Subcutaneous amivantamab - Lung Cancer Research Foundation

The good news

The Food and Drug Administration (FDA) has approved amivantamab to be given under the skin, which is called a subcutaneous (SQ) injection, for adult patients with the same conditions where amivantamab is already approved to be given through a vein, or intravenously (IV).

Why it’s important

Amivantamab is a type of treatment called a bispecific antibody, which means that it has two different targets, EGFR and MET. It has been approved for the treatment of non-small cell lung cancer (NSCLC) in several situations:

For NSCLC with EGFR exon 20 insertion mutations, it can be used in combination with chemotherapy as initial treatment, or on its own if disease has progressed on chemotherapy.
For NSCLC with common EGFR mutations (exons 19 and 21), it can be used in combination with lazertinib as initial treatment, or in combination with chemotherapy if the disease has progressed after treatment with an EGFR targeted therapy (usually osimertinib).

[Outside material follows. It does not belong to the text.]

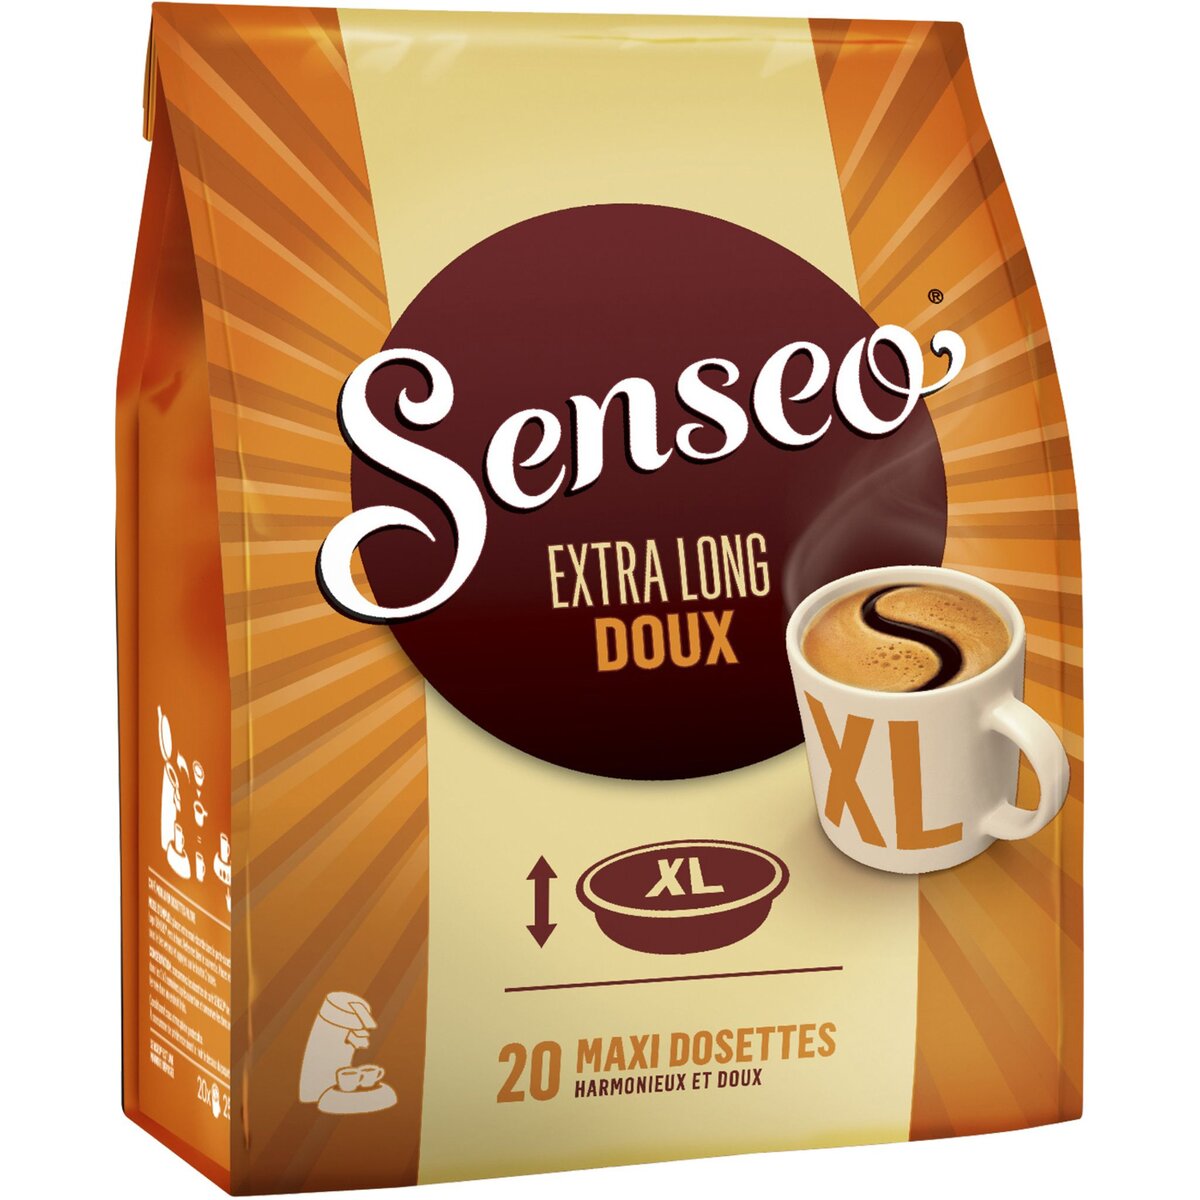 SENSEO Senseo café extra long doux dosette x20 -250g pas cher
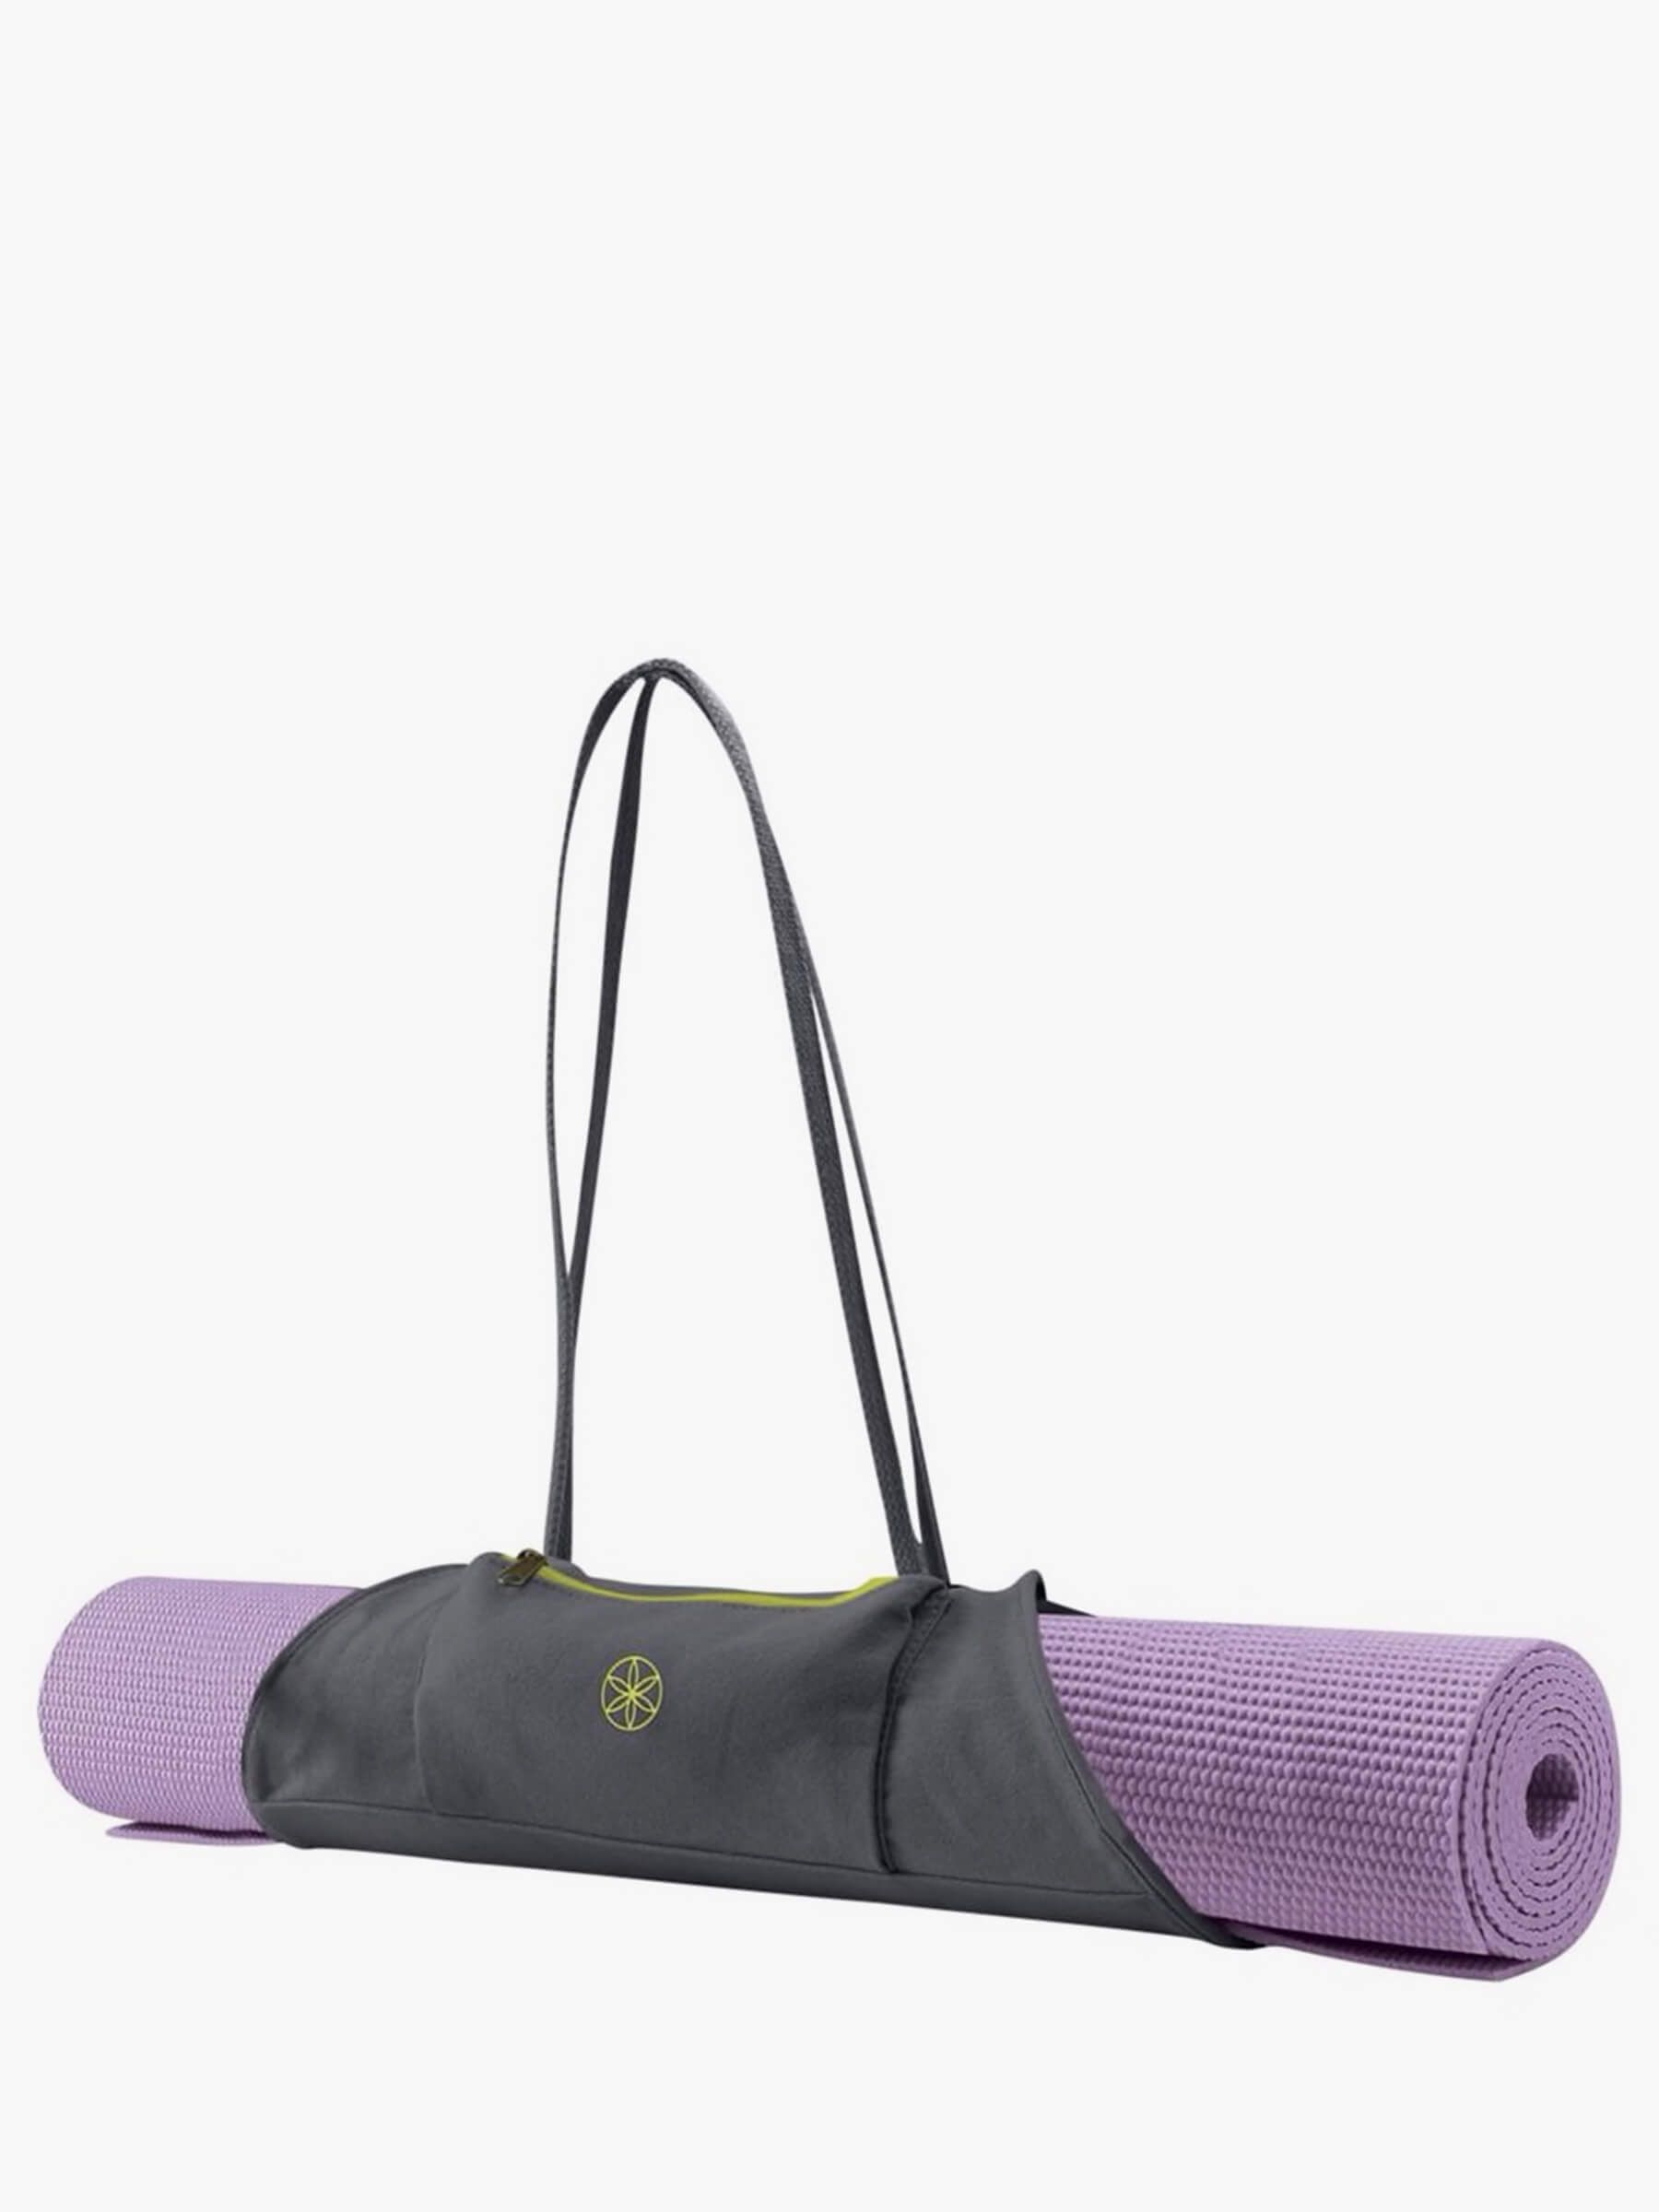 Gaiam Gaiam Turquoise Sea Yoga Mat Bag - Sports Equipment

The SQ injection of amivantamab was evaluated in the PALOMA-3 trial. Over 400 patients with advanced NSCLC and common EGFR mutations received either SQ or IV amivantamab in combination with lazertinib.

The trial showed that patients who received SQ amivantamab had similar treatment responses and survival outcomes as patients who received IV amivantamab.

What it means for patients

An important consideration for patients is safety and convenience. The safety profile of the SQ amivantamab was generally similar to the safety profile of the IV amivantamab, with one exception. Infusion reactions occurred less often for SQ amivantamab (13% of patients) compared to those who received IV amivantamab (66% of patients).

Other side effects with either form of amivantamab could still include interstitial lung disease/pneumonitis, venous thromboembolic events when used with lazertinib, skin rash, ocular toxicity, and embryo-fetal toxicity.

Another important factor is that the SQ administration allows patients to spend less time at their doctor’s office receiving amivantamab, which contributes to their overall quality of life.

What to look for

The SQ administration of amivantamab is likely to replace the IV administration of the drug in most circumstances and could be employed in clinical trials as well. Research that is geared toward reducing side effects and changing drug administration in order to improve a patient’s quality of life is very important. It is likely that there will be more clinical trials evaluating other treatments with the sole purpose of reducing side effects and decreasing the time that patients spend getting their treatments.